In the proof your Proposition 2, at the beginning, you probably mean
something like "Choose i large enough so that p^i does not divide any
term of the sequence" (rather than "is not in the sequence").
Benoît

On Sun, Dec 21, 2014 at 6:13 PM, Neil Sloane <njasloane at gmail.com> wrote:
> Benoit, I was telling David Applegate about your message,
> but he pointed out that this step fails:
>
> Proof: Let p^i be a counterexample. (i) Let q > p^i be prime. Then q
> does not divide any term in the sequence: if a(n) = tq is the first
> such term, then a(n) = tp^i would have worked,...
>
> The difficulty is that a(n-1) could be divisible by p,
> preventing a(n) = tp^i.
>
> That's why Proposition 1 was only stated for primes
> not prime powers.
>
>
>
> Best regards
> Neil
>
> Neil J. A. Sloane, President, OEIS Foundation.
> 11 South Adelaide Avenue, Highland Park, NJ 08904, USA.
> Also Visiting Scientist, Math. Dept., Rutgers University, Piscataway, NJ.
> Phone: 732 828 6098; home page: http://NeilSloane.com
> Email: njasloane at gmail.com
>
>
> On Sun, Dec 21, 2014 at 11:37 AM, Neil Sloane <njasloane at gmail.com> wrote:
>>
>> Benoit, Excellent!  That cuts the number of steps in the proof from 4 to 3.
>>
>> Best regards
>> Neil
>>
>> Neil J. A. Sloane, President, OEIS Foundation.

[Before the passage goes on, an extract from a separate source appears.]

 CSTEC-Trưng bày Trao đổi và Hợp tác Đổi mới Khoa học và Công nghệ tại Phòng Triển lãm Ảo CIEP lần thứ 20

>> 11 South Adelaide Avenue, Highland Park, NJ 08904, USA.
>> Also Visiting Scientist, Math. Dept., Rutgers University, Piscataway, NJ.

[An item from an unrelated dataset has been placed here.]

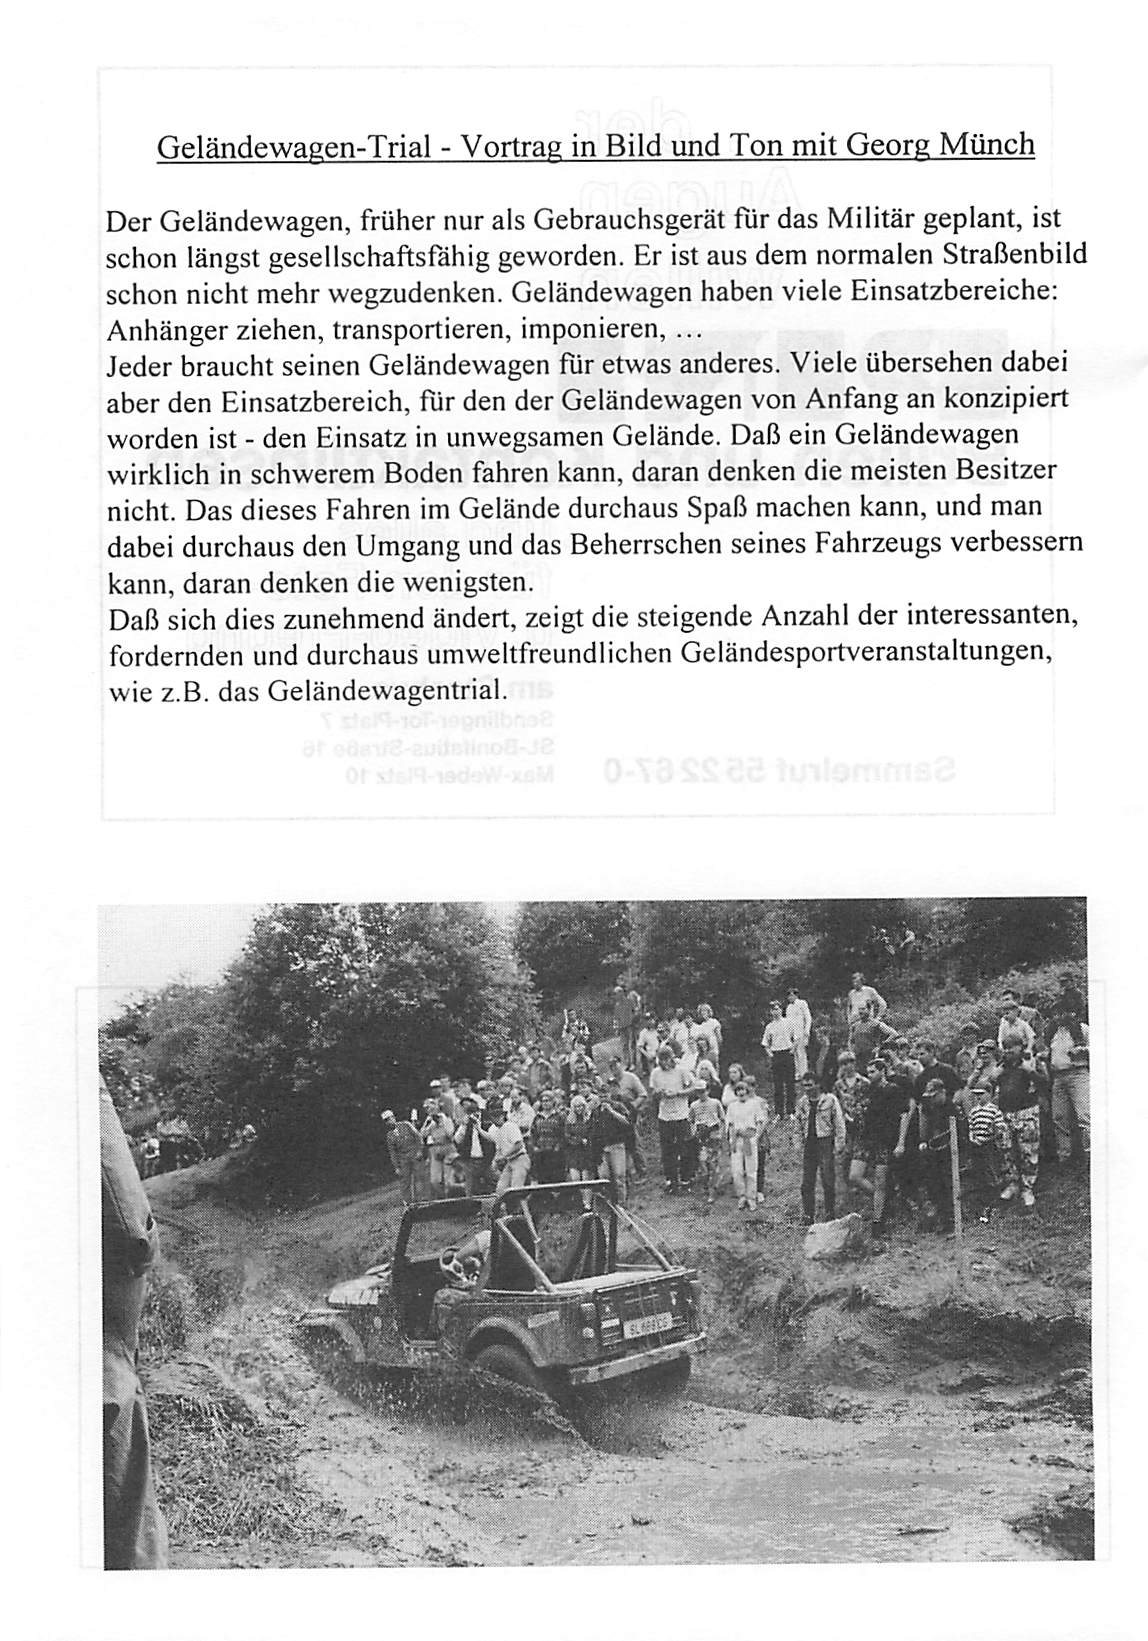 Geländewagen-Trial - Vortrag in Bild und Ton mit Georg Münch Der Geländewagen, früher nur als Gebrauchsgerät für das Militär geplant, ist schon längst gesellschaftsfähig geworden.

>> Phone: 732 828 6098; home page: http://NeilSloane.com
>> Email: njasloane at gmail.com
>>
>>
>> On Sun, Dec 21, 2014 at 9:26 AM, Benoît Jubin <benoit.jubin at gmail.com>
>> wrote:
>>>
>>> Very nice!
>>> It seems that you can group Propositions (1b) and (2), with a proof
>>> very similar to that in the Comments of A098550:
>>>
>>> Proposition 2: Every prime power divides a term (hence infinitely many
>>> terms) of the sequence.
>>> Proof: Let p^i be a counterexample. (i) Let q > p^i be prime. Then q
>>> does not divide any term in the sequence: if a(n) = tq is the first
>>> such term, then a(n) = tp^i would have worked, contradiction. (ii) Let
>>> m be such that a(m) >= p^(2i) and let q be a common prime factor of
>>> a(m) and a(m-2). Since q < p^i, one has qp^i < p^(2i) <= a(m), so
>>> qp^i, which does not appear among a(1),..., a(m-1), would have worked
>>> for a(m). Contradiction.
>>>
>>> On Sun, Dec 21, 2014 at 12:01 PM, Vladimir Shevelev <shevelev at bgu.ac.il>
>>> wrote:
>>> > Thank you! Breathtakingly beautiful !
>>> >
>>> > Best regards,
>>> > Vladimir
>>> >
>>> > ________________________________________
>>> > From: SeqFan [seqfan-bounces at list.seqfan.eu] on behalf of Neil Sloane [
>>> njasloane at gmail.com]
>>> > Sent: 21 December 2014 02:29
>>> > To: Sequence Fanatics Discussion list
>>> > Subject: [seqfan] A short proof that A098550 is a permutation
>>> >
>>> > Dear Seqfans, There has been some progress on A098550.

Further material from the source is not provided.